Core African operations feel the squeeze

The pain has been felt most acutely across De Beers’ flagship African operations. In Botswana, where the Debswana joint venture operates the legendary Jwaneng mine – widely considered the world’s most valuable diamond mine by revenue – production has been carefully calibrated to avoid flooding an already weak market.

The slowdown carries serious implications for Botswana’s economy, which relies heavily on diamond revenues to fund public services and maintain foreign currency reserves.

South Africa’s Venetia mine, now in its costly transition to underground operations, continued production against a backdrop of depressed prices, while Debmarine Namibia’s offshore fleet similarly scaled back output in response to market conditions.

China luxury slump and tariff turmoil

The industry’s troubles extend far beyond Africa’s borders. Chinese luxury spending, once a reliable engine for high-value diamond sales, has faltered dramatically, while lab-grown diamonds continue to eat into market share with their lower price points and ethical appeal.

Compounding these structural challenges, US trade policy has delivered another blow. President Donald Trump’s imposition of 50% tariffs on Indian diamond cutting and exporting hubs last August sent shockwaves through the supply chain. While the administration has signalled a possible rollback by April, producers remain deeply cautious about near-term recovery.

Cost-cutting mode activated

In response to mounting pressures, De Beers has slashed capital expenditure to $353 million and driven down unit costs across its operations. Parent company Anglo American has already taken a $2.3 billion impairment charge against the business, reflecting diminished long-term price expectations and shifting consumer behaviour.

Chief Executive Duncan Wanblad struck a cautiously optimistic tone, telling reporters he hopes the current downturn represents a low point for the business.

The company continues to push its “Origins” strategy, focusing on operational streamlining and renewed marketing efforts to differentiate natural diamonds from their laboratory-grown rivals.

Outlook remains murky

Near-term trading conditions are expected to stay challenging as midstream buyers hoard inventories and macroeconomic uncertainty persists. However, De Beers anticipates gradual inventory normalisation could support medium-term stability.

Production guidance for 2026 stands at between 21 million and 26 million carats, signalling that the group expects to keep output tightly tethered to demand.

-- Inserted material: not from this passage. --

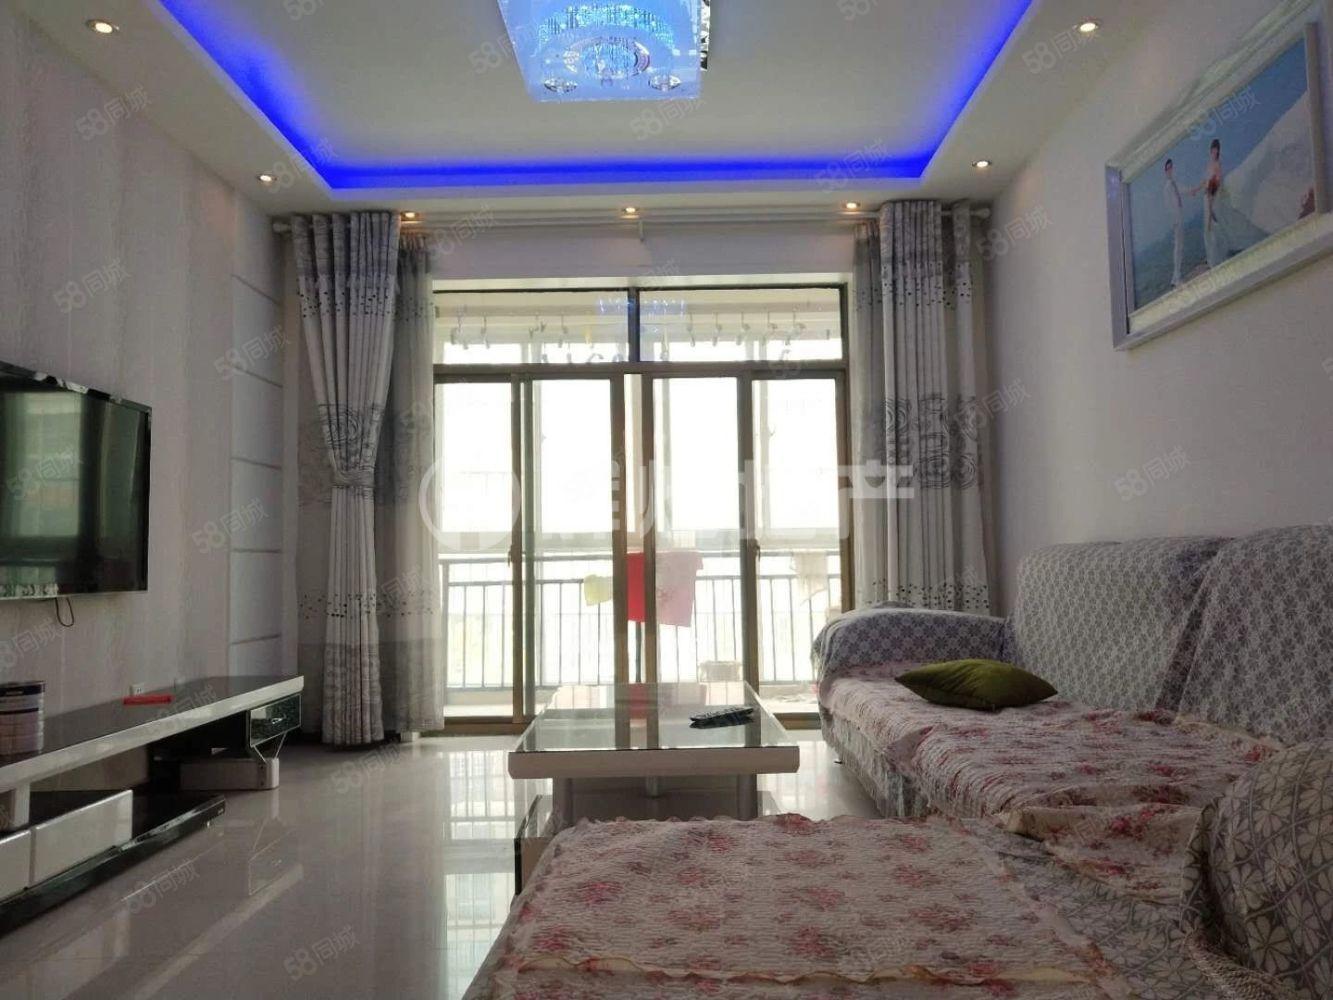 泛华新城2室2厅1卫91.35平米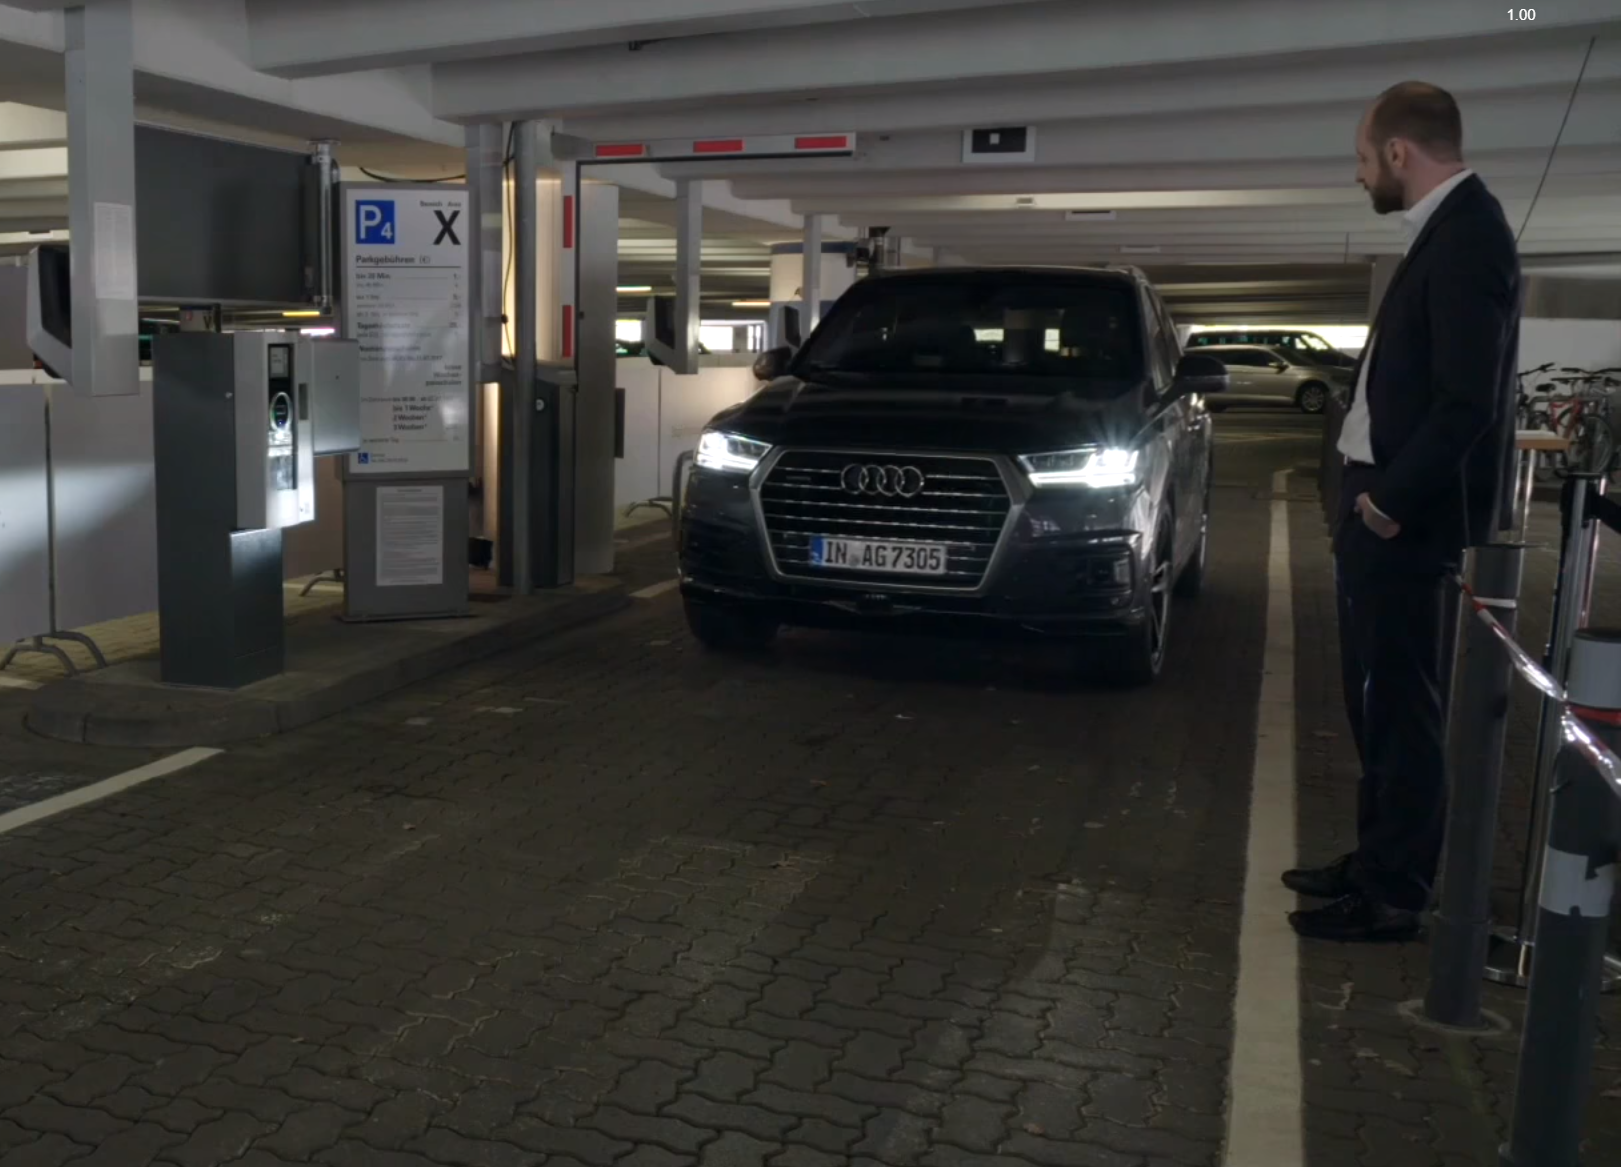 Роботизация автомобилей: полностью автономная парковка

Meanwhile, Anglo American presses ahead with plans to separate De Beers as part of a wider portfolio restructuring, though the current market climate hardly seems conducive to achieving optimal value.

For Botswana, Namibia and South Africa, the downturn serves as a stark reminder of their continued dependence on diamond revenues – and the risks that dependence carries when global headwinds gather force.